[Omer Fast: "Continuity"]
Those moments are magical in film
when we have kind of a pure linear motion
that approaches something and reveals it.
But I'm interested in the stuff that gets
in the way.
With more and more and more questions,
you create, in a sense, a productive kind
of confusion.
And I think that's what I'm after.
I had a commission for dOCUMENTA
and they were also going to show this on TV.
I started to think about this, kind of, TV
movie
and this notion of the domestic interior that
TV is all about--
or at least for me--and that kind of middle
class obsessions
of showing the family
and showing the living room
and showing the kind of dynamic within a particular
family.
And I wanted to do it in the context of a
homecoming--
that is, ostensibly or topically, Germany’s
involvement in Afghanistan.
Except for, there isn't that kind of classical
development.
You don't reach a particular climax and a
denouement.
You have a repetition of these scenes and
these places.
It is increasingly formalized.
And having TV as the medium for
showing the story
has dictated a lot choices I made.
You have two parents who are middle class
who are doing materially well.
But something in their relationship is off.
There is a trauma,
but it's not the trauma that you think
it is.
It's the trauma of emptiness.
It's a, sort of, suburban desert.
It's this kind of middle-aged angst that these
people have
and they try to fill it with something--
and that thing is young flesh.
There's this empty hole in their relationship
that they fill with a choreography.
They try to revisit this homecoming--
this return of the son--
which never took place.
They pay these young men,
who are male prostitutes,
some money in order to come and perform.
These men, who offer their flesh to these
parents,
are in a sense also the young men whose flesh
is used
in order to do the state's bidding.
You know, who do we ship off to do our bidding
in Afghanistan?
The world keeps asserting itself in, kind
of,
strange and theatrical ways around them--
in these little apparitions
and these sort of ghosts and images that they
have.
They become, in a sense, viewers of the spectacle--
of horror.
Death should happen far away.
You know, conflict should not happen in these
particular comfortable surroundings.
And so, they are caught between those two
roles--
of being a soldier, being a son,
and being an object of desire.
But for me, the more interesting possibility
was
maybe there was never a son.
Maybe there were sons and they're just gone
and there is this vacuum.
In the end, they drive down this country road.
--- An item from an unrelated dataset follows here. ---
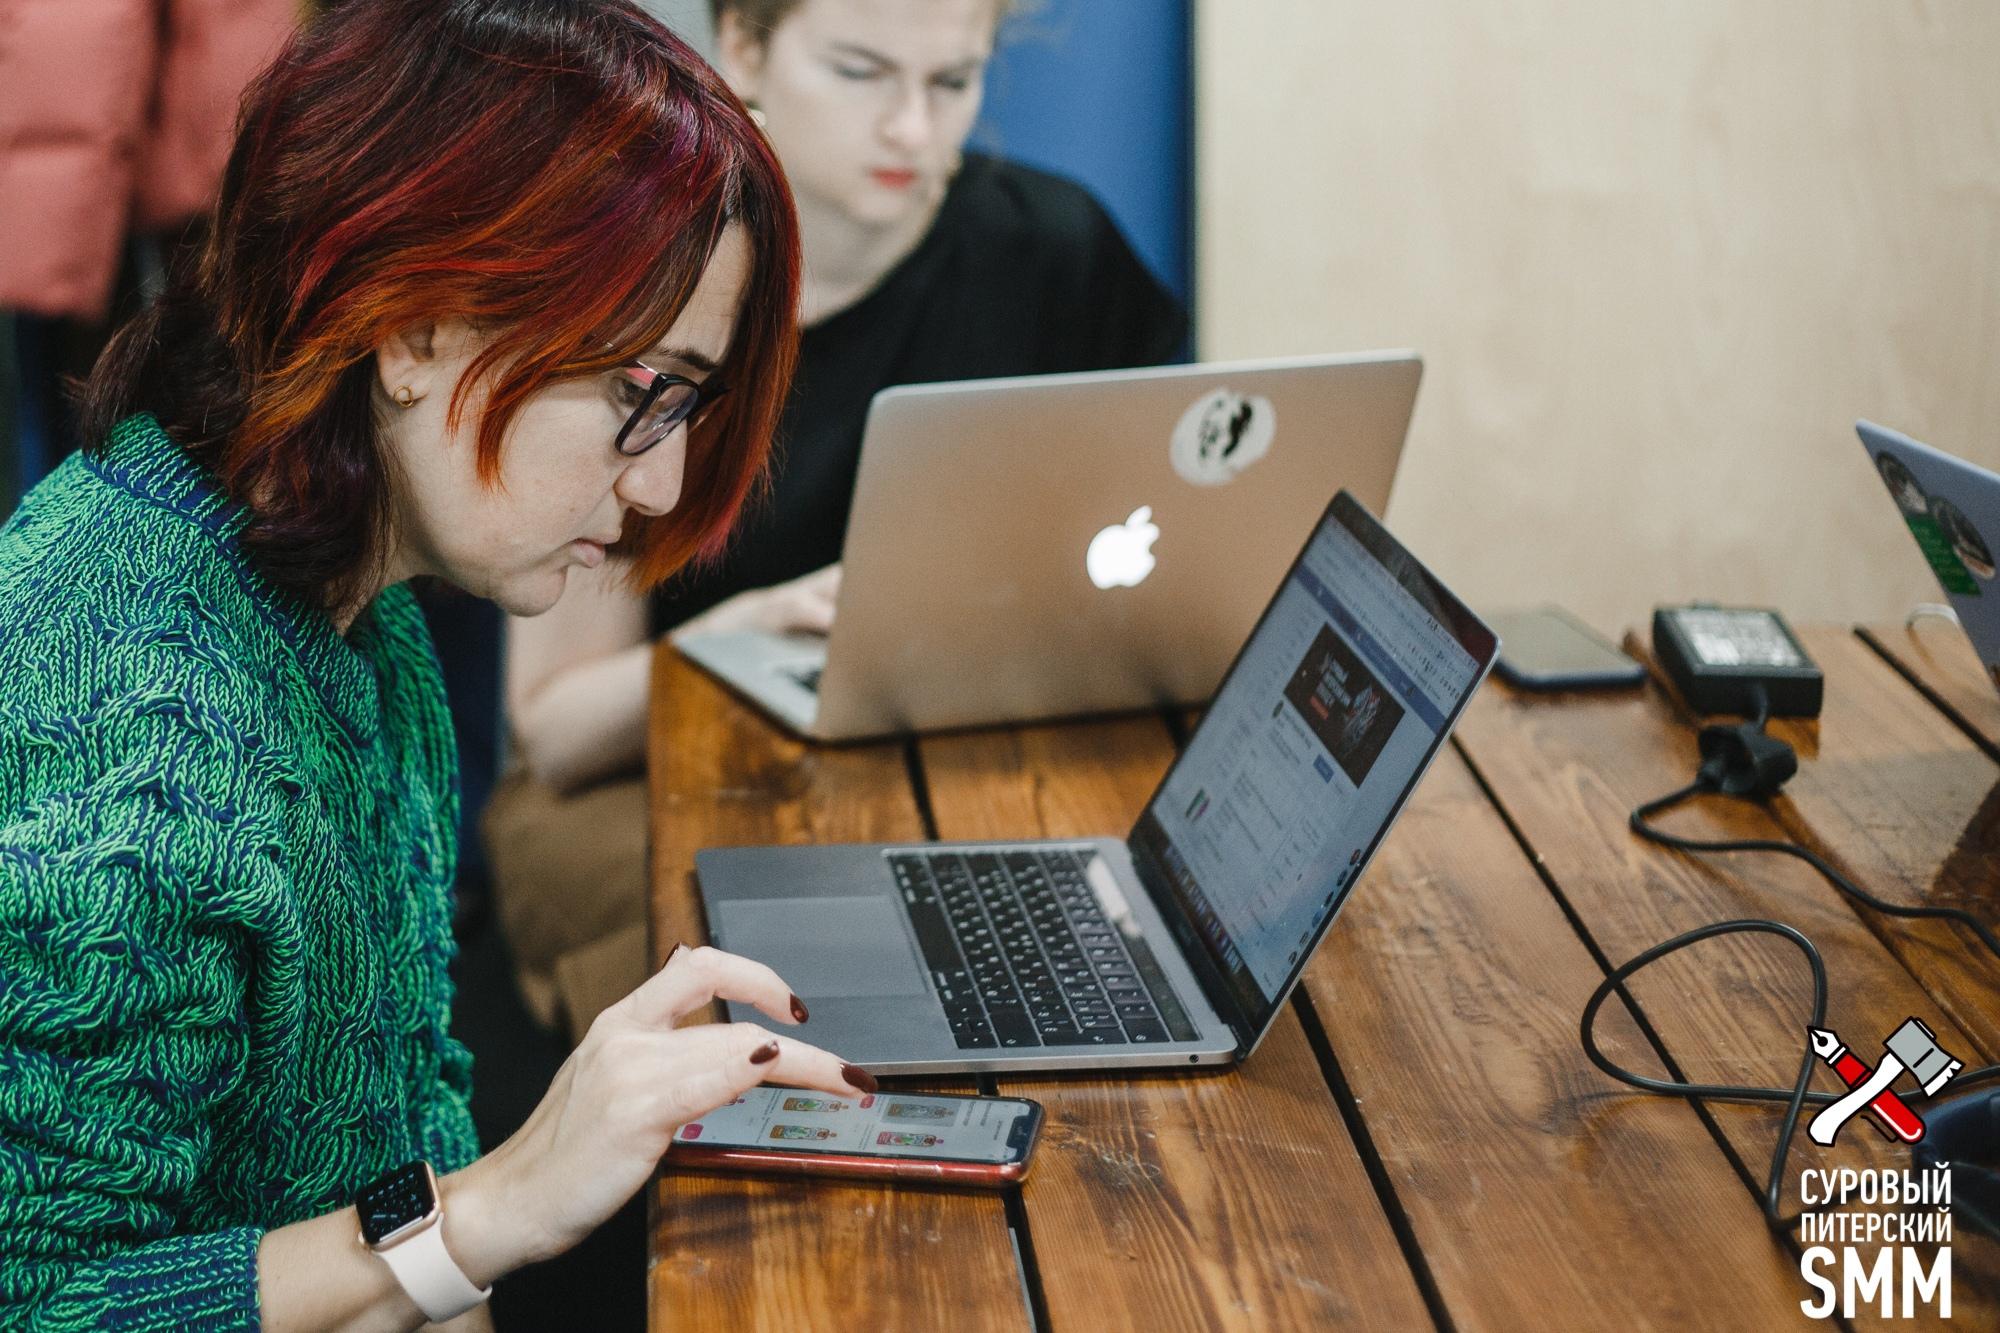 Партнерские интеграции в онлайне   Наталия Франкель

We've seen that country road three times already.
And all of a sudden there is a camel walking
towards them.
And they follow this animal to a quarry.
Inside is sons that we’ve seen up until
that point.
They're comrades.
They're all dressed in fatigues and uniforms.
They've been ambushed and they've been killed.
Through having these multiple references,
it becomes something I was able to talk about
several things at the same time
and is none of them at any one time.
So it's about sort of figuring out what to
put along the way
to pull you away from this notion that there
is a linear story
with a goal at the end.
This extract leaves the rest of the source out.